Может, взрывы и вопли заменили человечеству музыку?
Сорок пар глаз следят за тем, как музыкант устраивается — узкой спиной к залу, потому что в анфас морбидиус смотрится эффектнее. Клавиши расположены полукругом. Репортер с усиками зарисовывает странный инструмент.
Музыкант опускает веки — и руки опускает на клавиши. Длинные пальцы легко касаются этих деревяшек, напоминающих его дочери зубы в перевернутой улыбке. Перевернутая улыбка — и не улыбка вовсе, а рот, искривленный от злости, но ведь музыкальную шкатулочку сделал папа. Девочке кажется, что шкатулочка — транспортное средство и папа сейчас отправится в путь.
Морбидиус порождает едва уловимый гул. Можно подумать, кто-то приотворил дверь, шум ветра проник в театр. Но снаружи август, а гул определенно зимний. Тихая песнь вьюги.
Музыкант перемещает правую руку. Клавиши включают вибраторы, иглы на их концах трутся о бороздки. Пластинки крутятся одновременно, исполняя разное. Это симфония будущего. Шатенка в первом ряду грустит, понимая, что сегодня обойдется без фокстротов. Северянин говорил князю: «Интересно». Князь медленно кивает.
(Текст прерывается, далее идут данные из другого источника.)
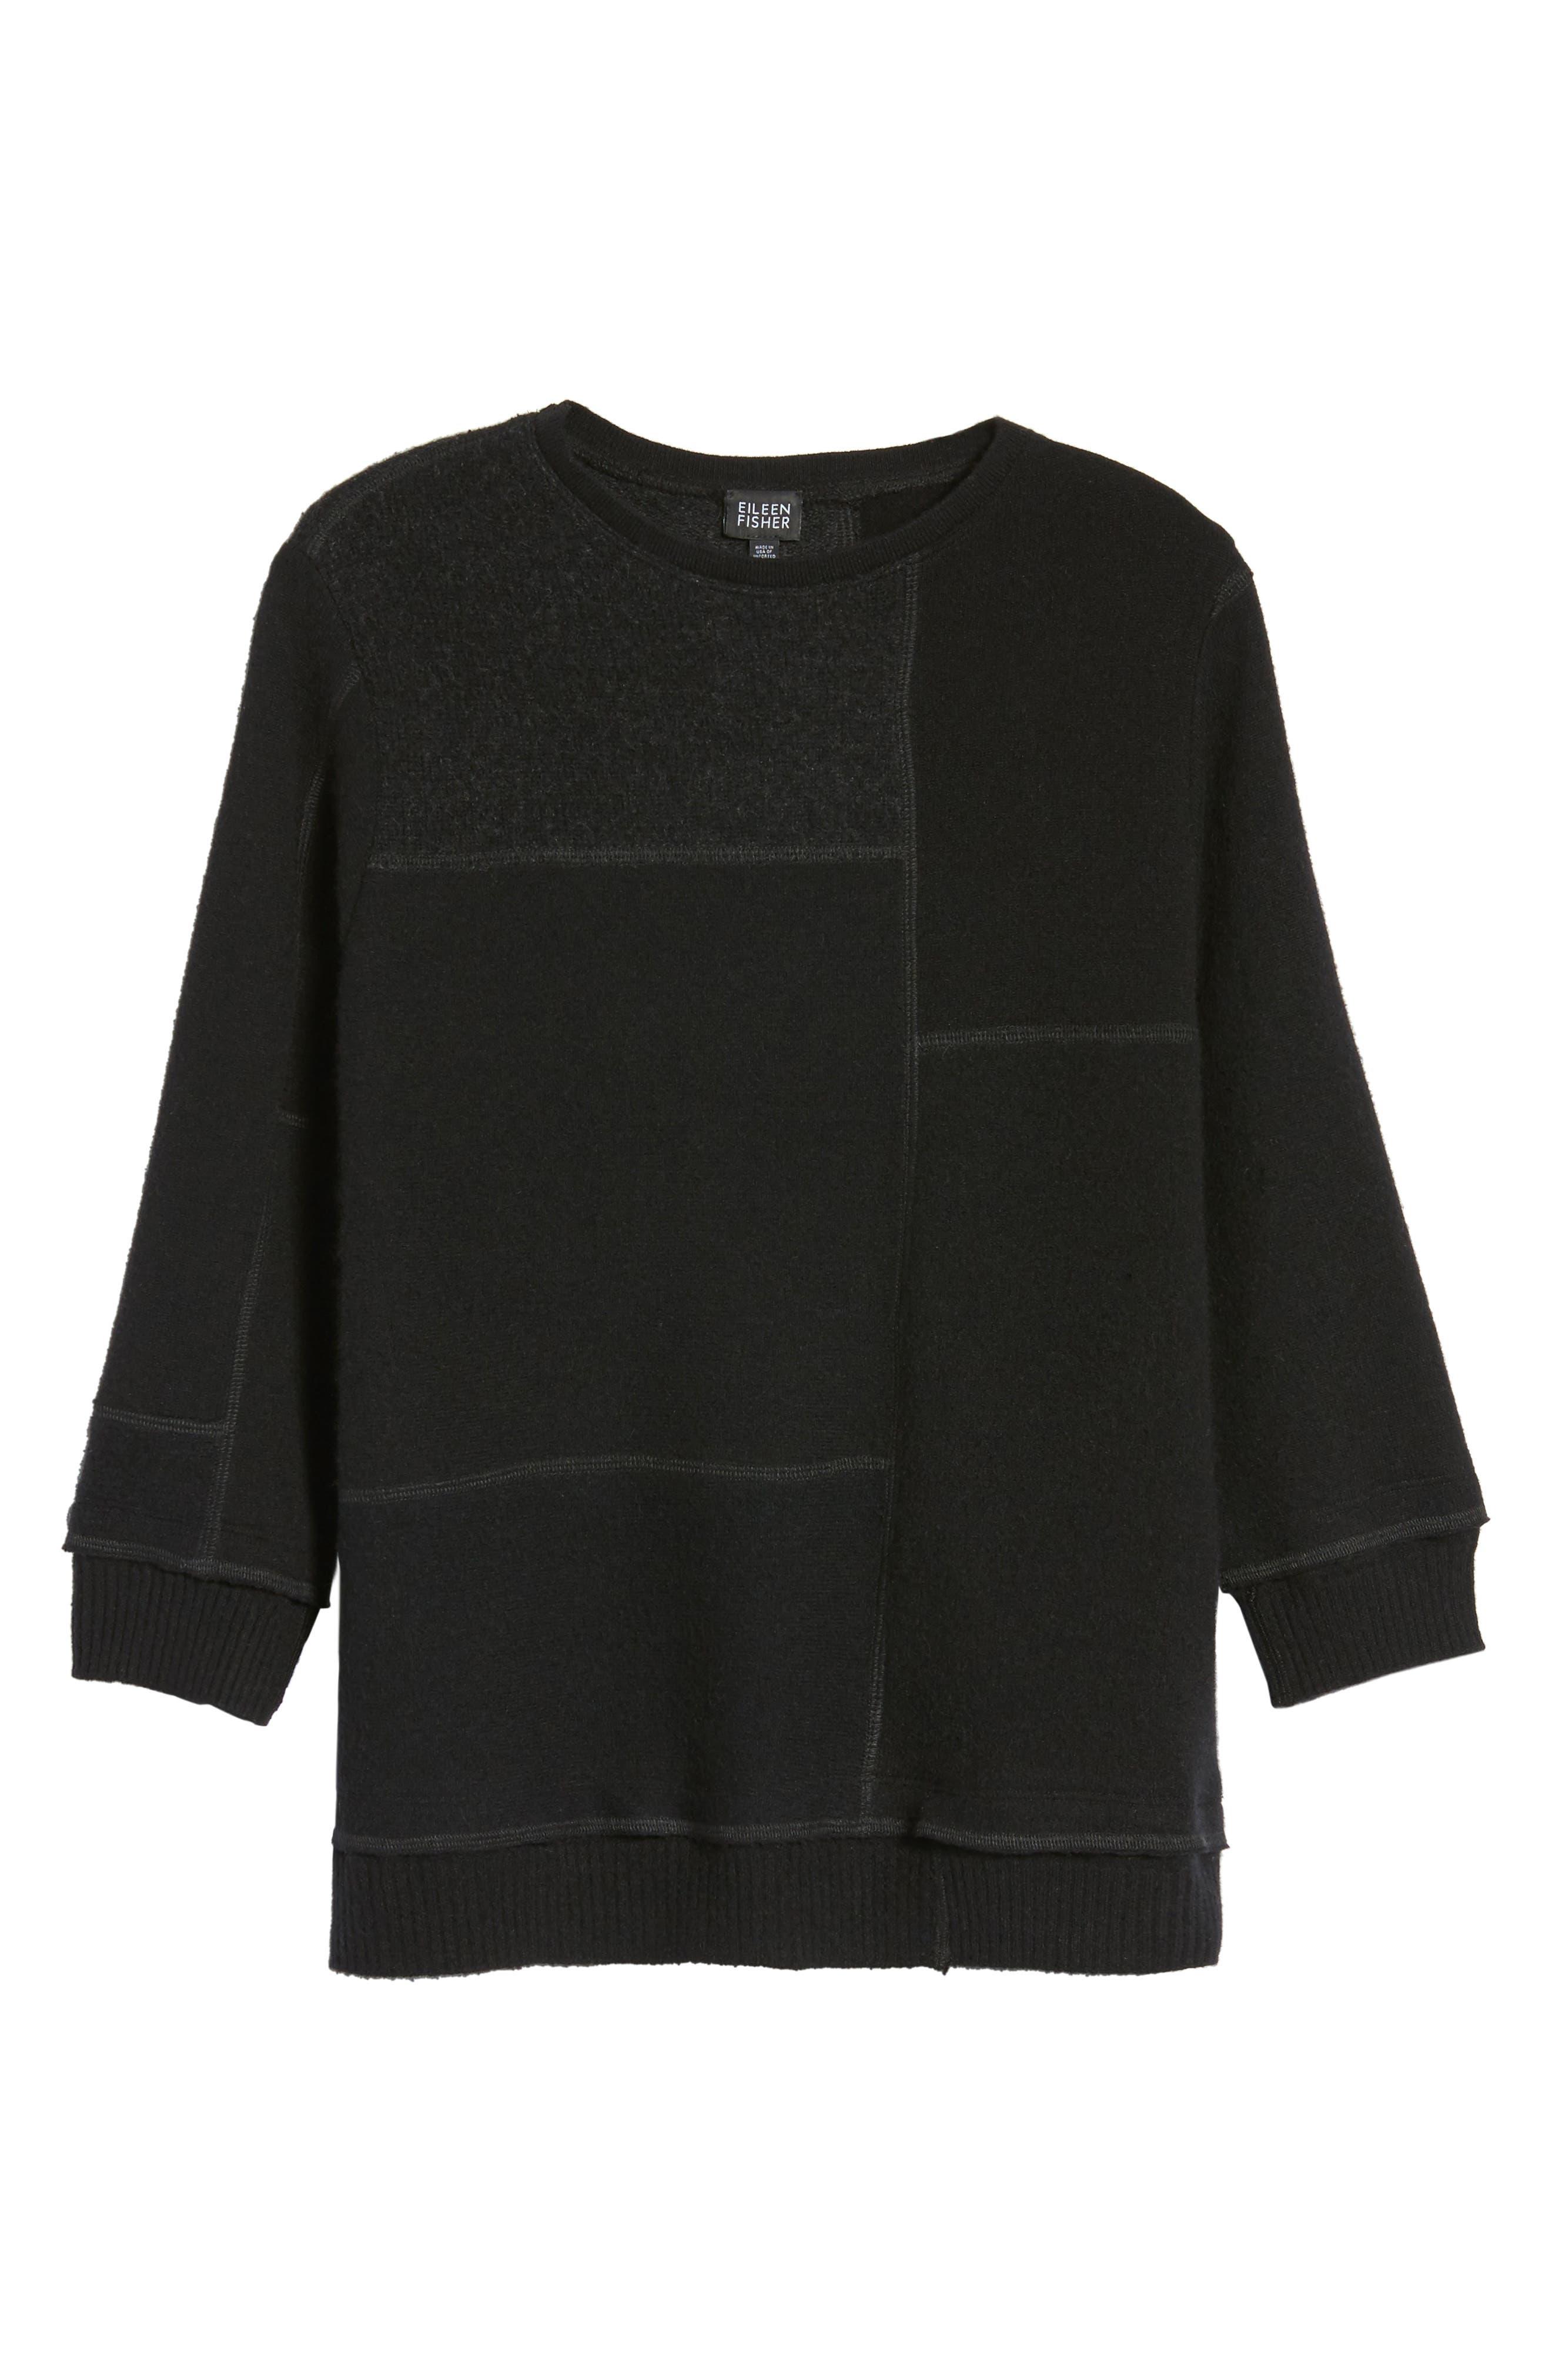 Colorblock Cashmere Sweater,                             Alternate thumbnail 6, color,                             001

«Позавидуем глухим», — пишет репортер с усиками.
Гул усиливается, в нем начинает угадываться логика. Но наметившаяся симфония гибнет в череде спорадических звуковых всплесков. Словно десятки отворенных в пугающие измерения дверей поют тоскливые и угрожающие гимны, словно древние трубачи трогают заиндевелыми губами сталь и выпускают воздух из сгнивших легких, словно Август Фальк, композитор-убийца из семнадцатого века, взывает к псам Тиндала.
Это неважно, но генераторы синусоидальных звуковых колебаний, так называемые резонаторы Гельмгольца, реагируют на нажатия клавиш, перекрывая весь слышимый частотный диапазон. Интервал нажатий посылает сквозь мембраны непрерывное глиссандо.
И тогда это случается. Подняв глаза, дочь увлеченного музыканта видит, как потолок начинает меняться. Там, в полутьме происходит что-то неправильное. Гипс набухает, по нему пробегают волны, совпадающие ритмически с многоголосьем незримых труб.
— Смотри, — говорит кавалеру шатенка.